En los noventa, empezaron a proliferar por toda la ciudad grafitis con el lema Keep Portland Weird, una exhortación a los vecinos a que hiciesen lo posible por que su ciudad siguiese siendo ‘rara’

Las guías urbanas recomiendan también una visita a la vieja Chinatown, con su Saturday Market (lo más parecido a un mercado tradicional oriental que se puede encontrar en esta orilla del Pacífico) y las tortillas de ostras y los huevos revueltos con tofu que ofrece el encantador Bijou Café. O las excursiones en tranvía por Nob Hill, el barrio de las recetas veganas, la gastronomía local biosostenible, la cocina efímera de los célebres food trucks, el marisco y el sushi. A continuación, vale la pena ir de compras por ese fascinante bazar que es siempre Pearl District y mojar los pies en Jamison Square, no muy lejos del lugar en que el Willamette desemboca en el Columbia. Los alrededores se prestan a excursiones como una visita a la estación de esquí del monte Hood, las playas de Astoria, la ruta del vino del valle de Willamette o la espectacular garganta del Columbia.

En los últimos años, el tradicional Keep Portland Weird empieza a ser sustituido por un nuevo lema: Make Portland Weird Again (hagamos que Portland vuela va a ser raro). Se trata de una respuesta al Make America Great Again de Trump, pero también el nostálgico reconocimiento de que la ciudad se está aburguesando y empieza a perder parte de su fuelle excéntrico y alternativo. En la web del movimiento vecinal de ese nombre se recuerdan glorias locales hoy desaparecidas como “la iglesia de Elvis, la stripper que se convirtió en novelista o el guitarrista de los cien piercings”, tan añorados como “los cabarets abiertos toda la noche, los antros de hackers abiertos todo el día, las fiestas clandestinas en lugares secretos, el teatro de guerrilla, los artistas punk callejeros o el ballet en patios de vecinos”.

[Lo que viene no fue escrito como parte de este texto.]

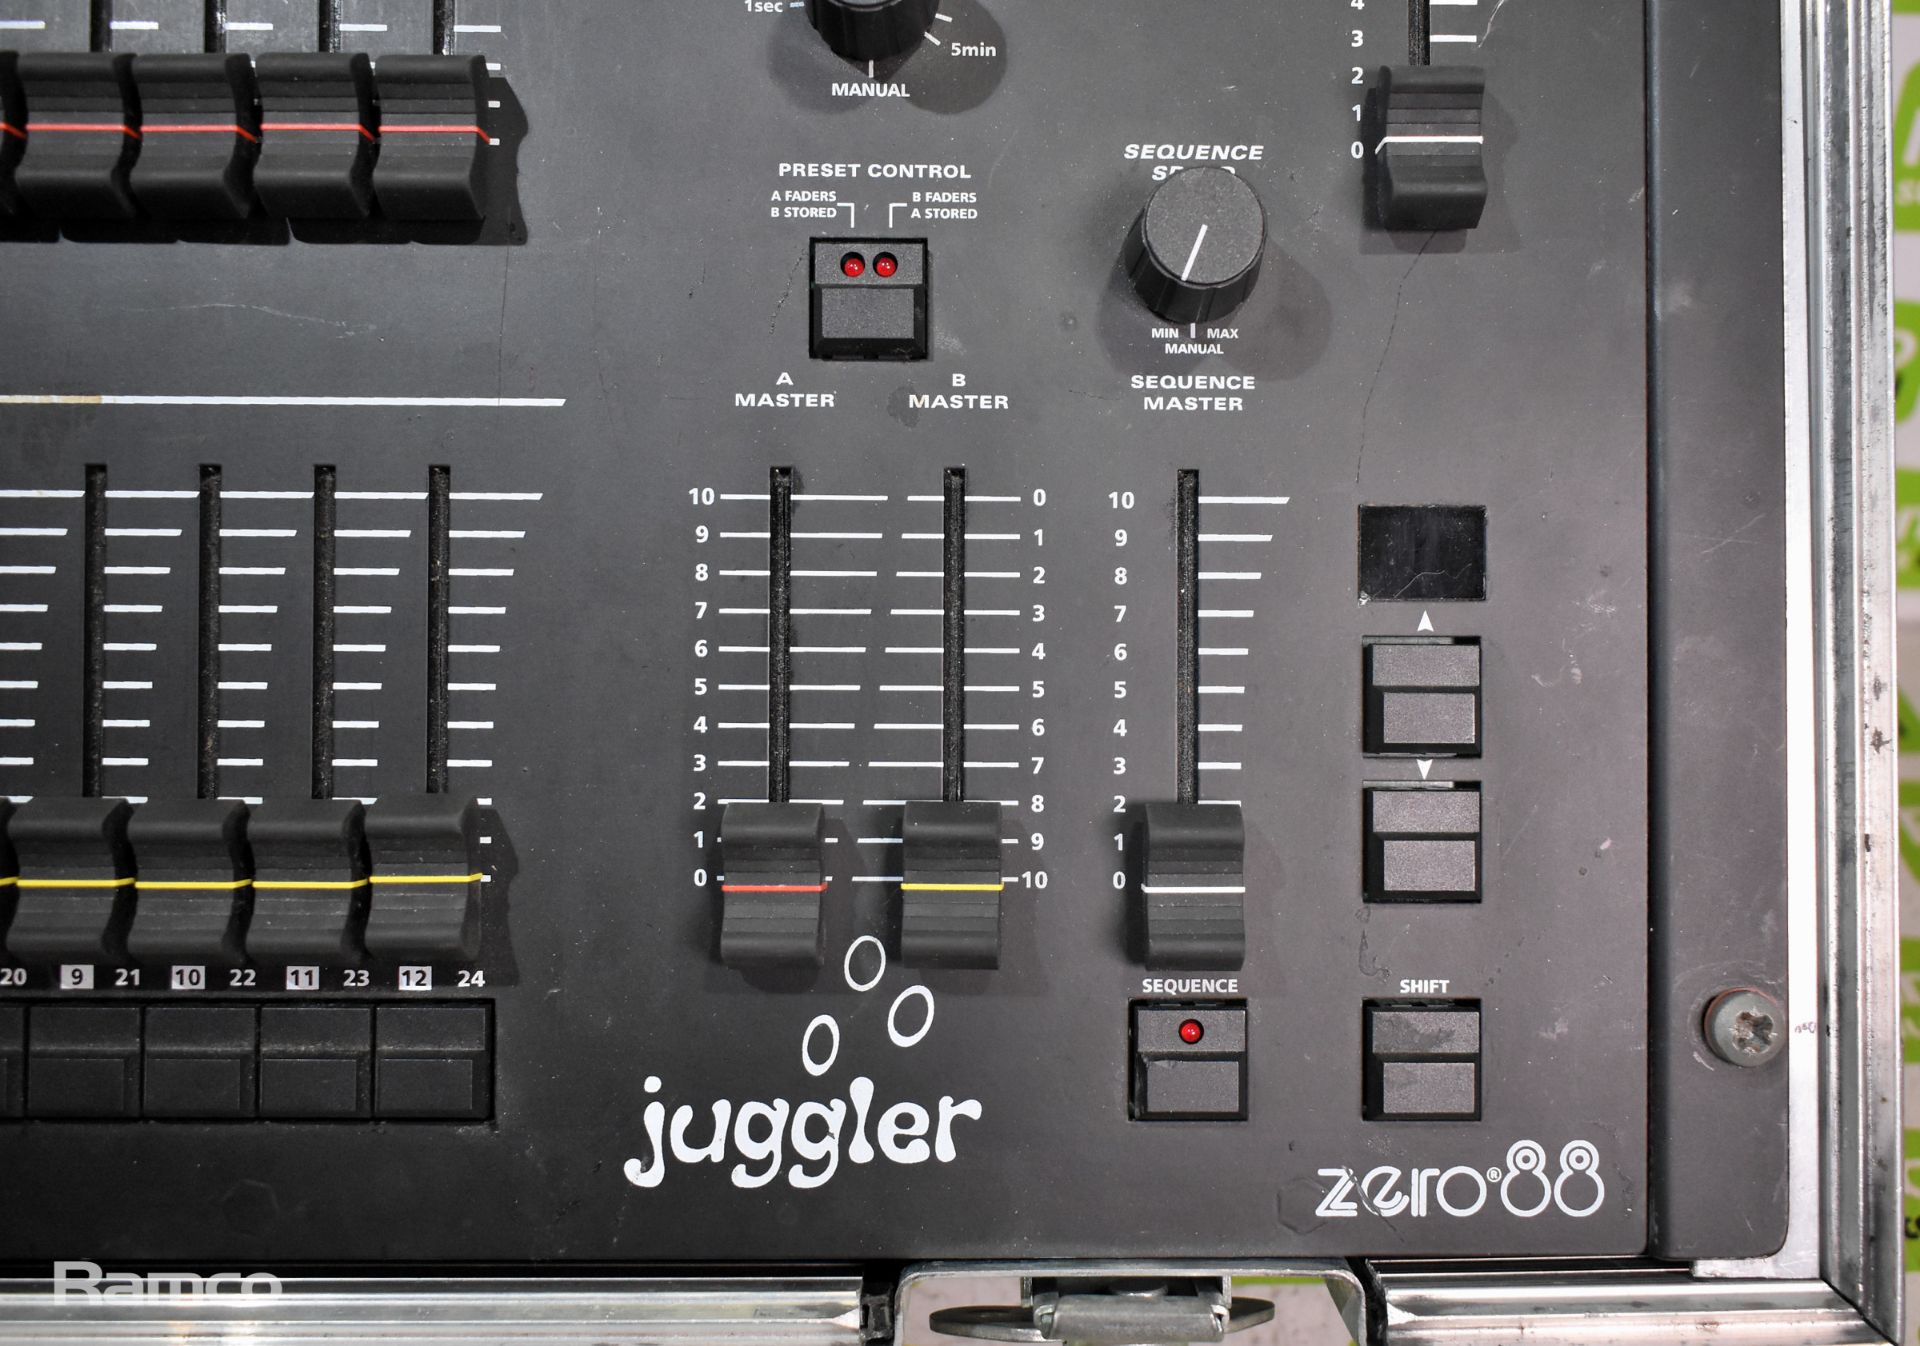 Zero88 Juggler 12/24 lighting control desk in flight case - Image 3 of 5
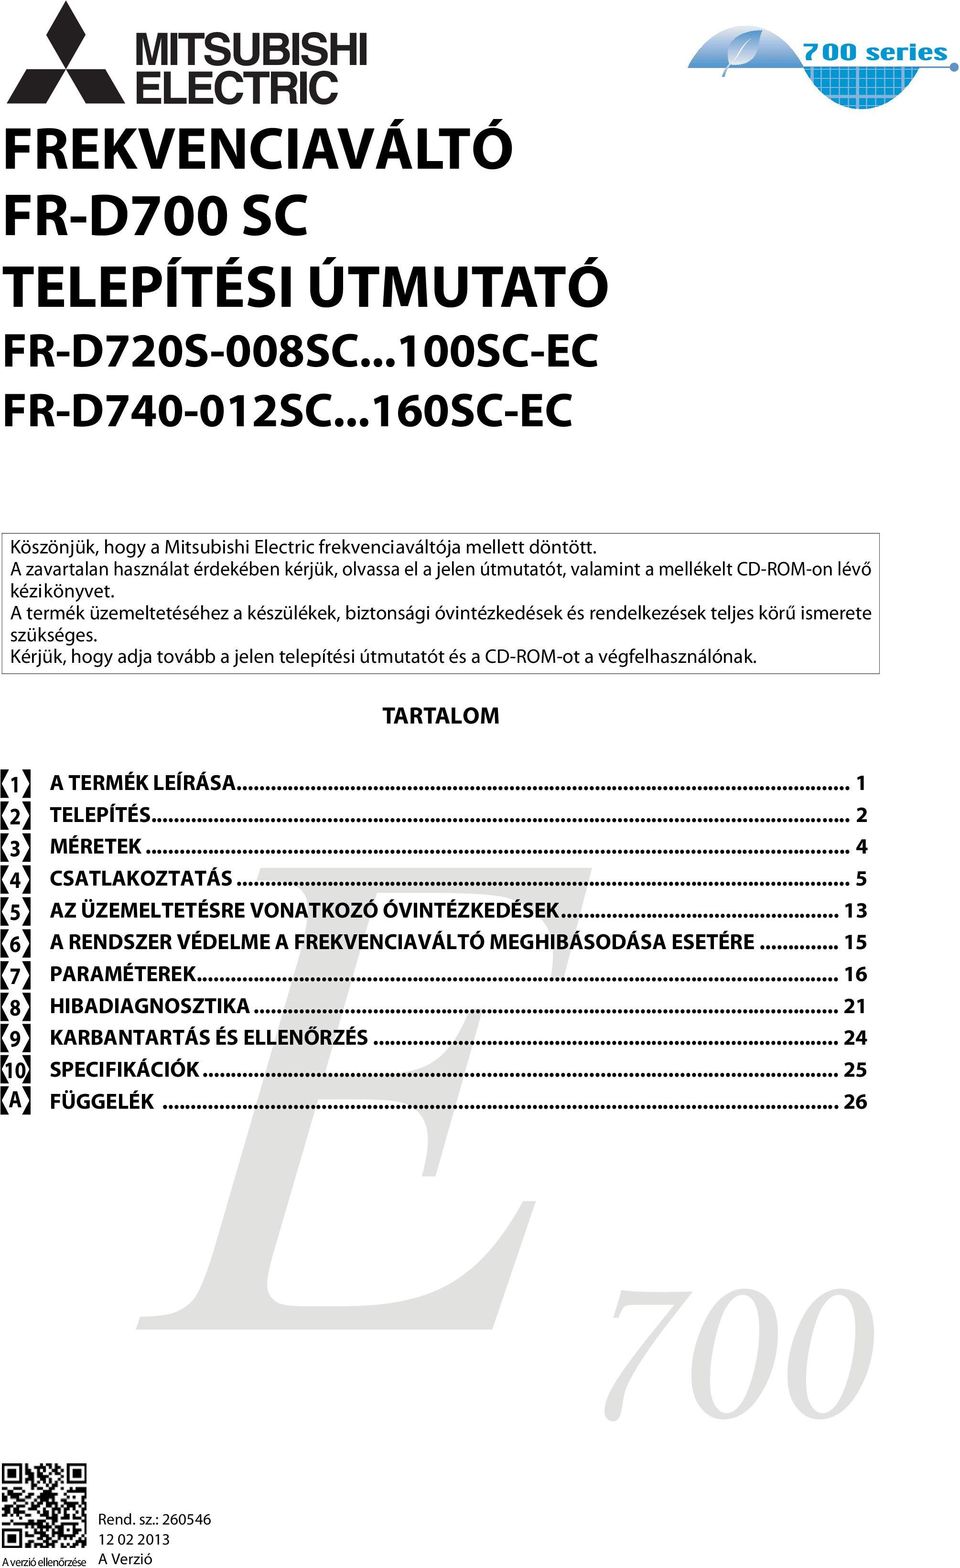 MITSUBISHI ELECTRIC FREKVENCIAVÁLTÓ FR-D700 SC TELEPÍTÉSI ÚTMUTATÓ  FR-D720S-008SC...100SC-EC FR-D SC...160SC-EC - PDF Ingyenes letöltés

Para los puristas del Portland distinto, para los irreductibles galos, la desaparición de todos esos ejemplos de excentricidad y demencia fértil prueban que “América declaró la guerra a la rareza y los raros hemos perdido”. Si eso fuese cierto, si la ciudad distinta estuviese ya renunciando a serlo, Portland ya no supondría una amenaza y Trump y sus hombrecillos de verde se estarían equivocando de enemigo.